Боковым зрением Пахомыч уловил движение в чаще леса, повернул голову.
На него из-за куста смотрел Юлий Антонович, показал пальцем на поляну, сделал жест: пальцы зашагали, как ноги.
Пахомыч кивнул на поляну.
Юлий Антонович повторил жест и исчез.
Лесник понял, что ему предлагают выйти на открытое пространство.

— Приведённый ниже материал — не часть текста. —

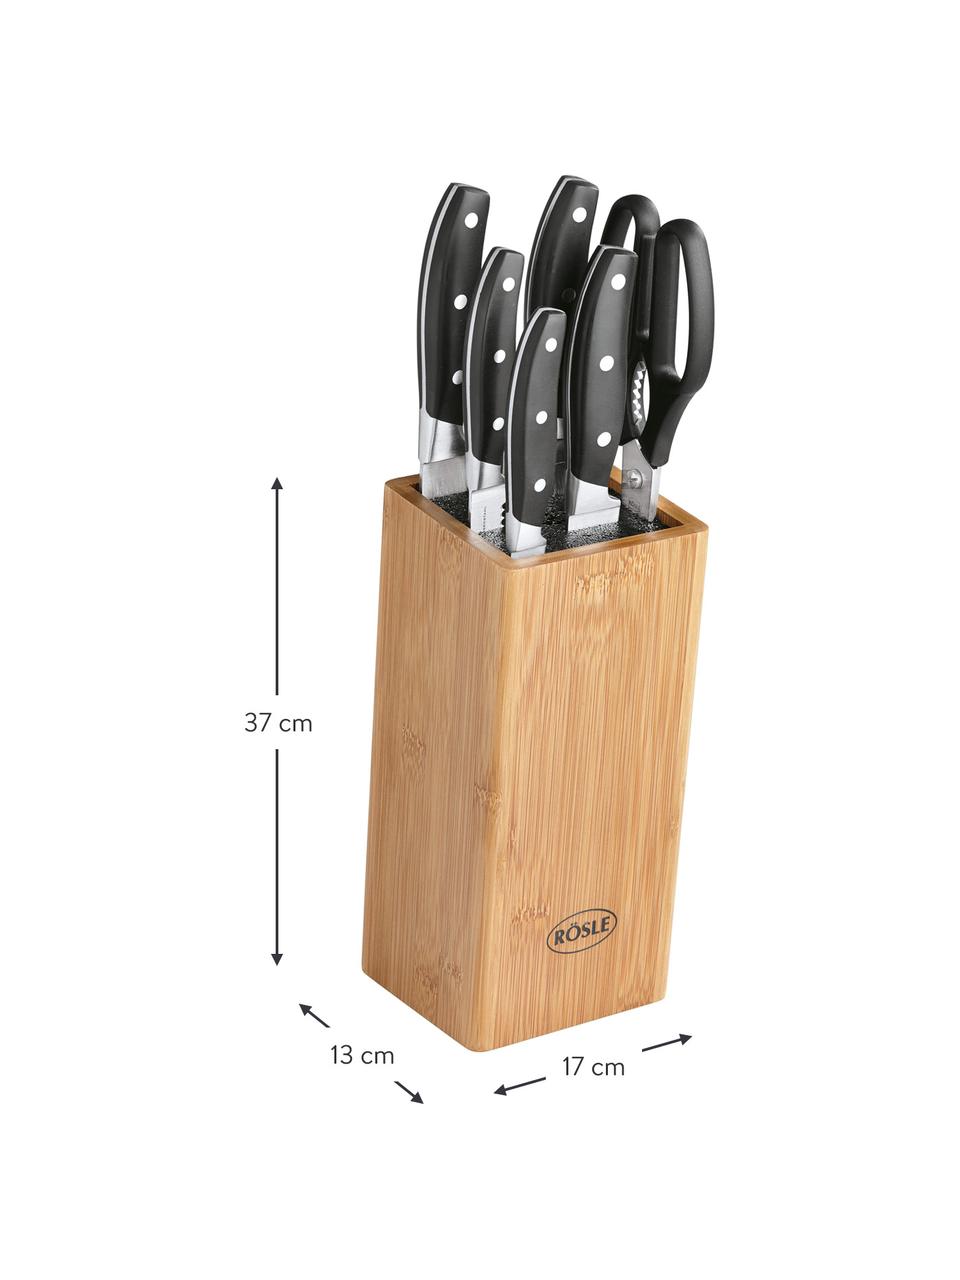 Messerblock Cuisine mit 5 Messern und 1 Schere, Messer: rostfreier Stahl X50CrMOV, Griff: Kunststoff, Braun, Verschiedene Größen

Он так и сделал, обмирая при каждом шаге.
Фотограф услышал хруст веток под ногами старика, сторожко оглянулся, увидел Пахомыча, уставился на него исподлобья.
Пахомыч заискивающе показал ладони, продолжая идти, пока не вышел из-за шеренги кустарника полностью, остановился, чуя нервный озноб.

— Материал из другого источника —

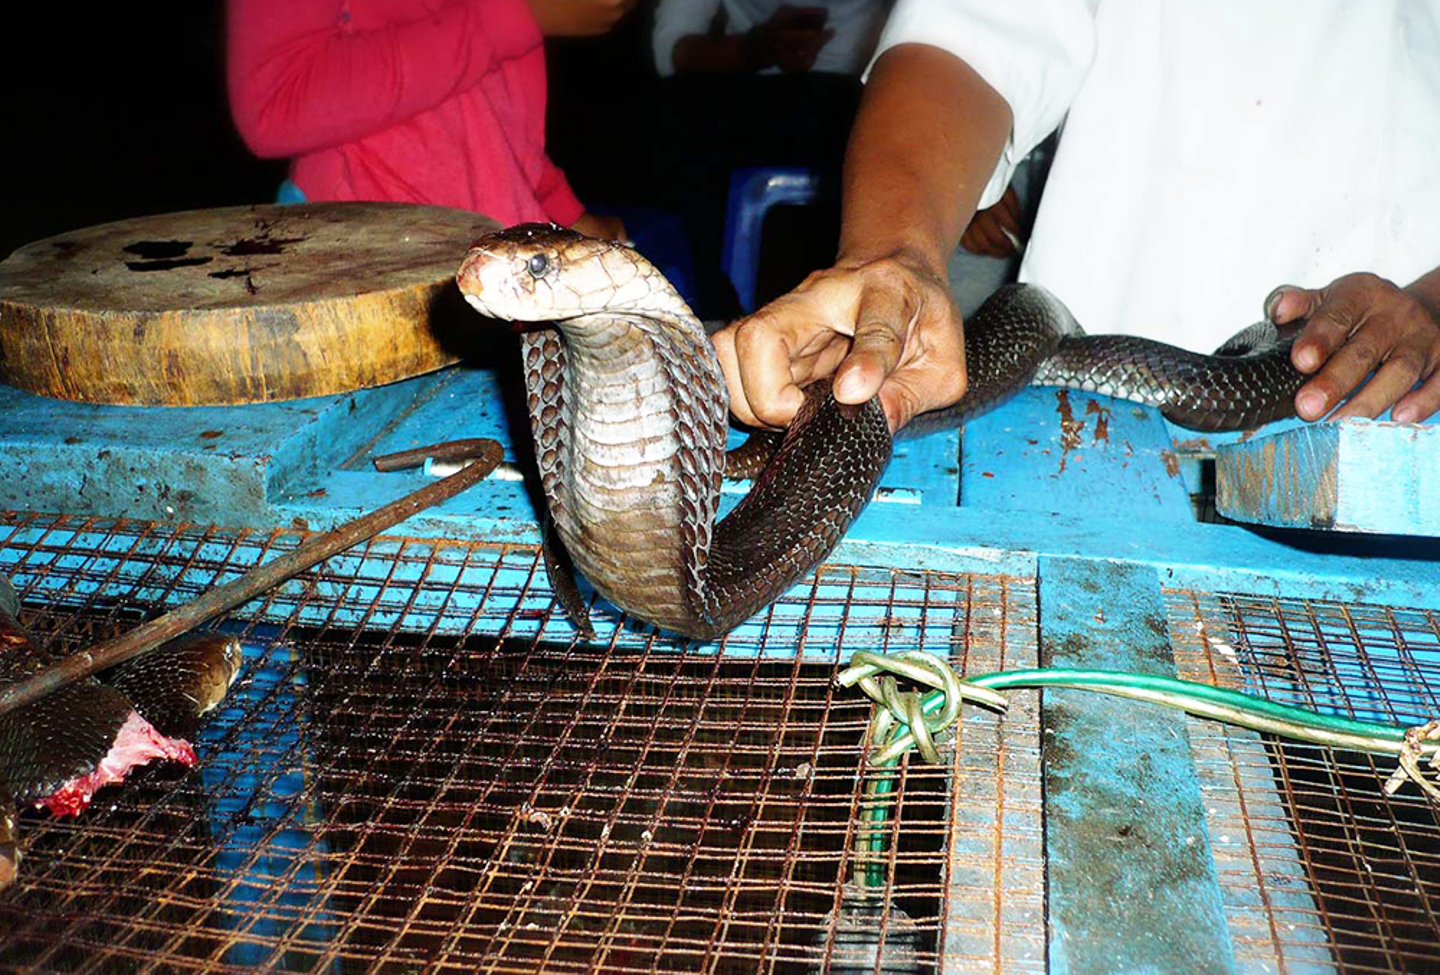 змеи вьетнама описание

Несколько мгновений они смотрели друг на друга, соединённые чувством неловкости и узнавания.
Потом фотограф повернул объектив фотоаппарата к леснику.

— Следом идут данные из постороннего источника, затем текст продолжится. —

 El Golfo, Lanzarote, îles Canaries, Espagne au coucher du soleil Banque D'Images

Пахомыч сглотнул, понимая, что может сейчас последовать за лосем.
Внезапно вокруг поднялся вихрь быстрого движения.
Сбоку от фотографа зашевелилась высокая трава, сзади качнулись ветки боярышника, над головой со свистом пролетел сухой сук дерева.
Фотограф был очень хорошо подготовлен, судя по его реакции: он мгновенно отпрыгнул в сторону, повернул голову к лесу, сунул фотоаппарат под мышку, – но он не ожидал стать участником операции по захвату «языка».
Из травы под ноги ему нырнула стремительная тень.
Фотограф пошатнулся, не в силах сделать ни шагу, так как ноги его оказались зажатыми руками тени.
Другая тень вынеслась из-за кустов, выбила фотоаппарат.
Третья тень, оформляясь в человека, свалила фотографа на землю, заломила руку.
Он попытался сопротивляться, но кулак Савелия, рухнувший ему на голову, разом оборвал все намерения.
Движение прекратилось.
Из-за росшего на поле куста рябины выдвинулся четвёртый член группы Юлия Антоновича, молчаливый Володя, державший в руках пистолет.
Пахомыч понял, что Володя страховал своих товарищей и держал фотографа на прицеле.
Старик подбежал к разглядывающим чужака оперативникам Максима.
Теперь его можно было рассмотреть детально.
Пятнистый балахон необычной расцветки не зря болтался на нём как на вешалке. Потерявший сознание мужчина был чрезвычайно худой, словно только что вышел из концлагеря.
Лицо у него было узкое, длинное, бугристое, обтянутое мертвенно-белой кожей, с тонкими синими губами, щёки ввалились, зато подбородок казался отдельной и самой важной деталью, напоминая квадратную станину тисков.
Короткие оранжево-серые волосы серебрились инеем, пряча маленькие заостренные уши. Из-за одного уха тянулась к подбородку алая пружинка, заканчиваясь чёрной петелькой.
– Рация, – показал пальцем Женя.
Юлий Антонович нагнулся, выдернул пружинку с петелькой, повертел в пальцах.
– Посмотрите на его руки, – сказал Савелий.
Все начали рассматривать раскинутые на траве руки незнакомца, узкие, пятипалые, красноватые, словно ошпаренные кипятком.
– Красавец!
Юлий Антонович передал пружинку и фотоаппарат Володе.
– Подержи, только ненароком не нажми чего-нибудь.
Он нагнулся и обыскал лежащего.
Комбинезон фотографа не имел карманов. Точнее, выпуклости на нём присутствовали, скрывая карманы, но ни пуговиц, ни молний, ни липучек видно не было. Не удалось и расстегнуть балахон, выглядевший единым цельным чулком из необычной, отсвечивающей, как стекло, материи, без каких-либо отверстий и застёжек.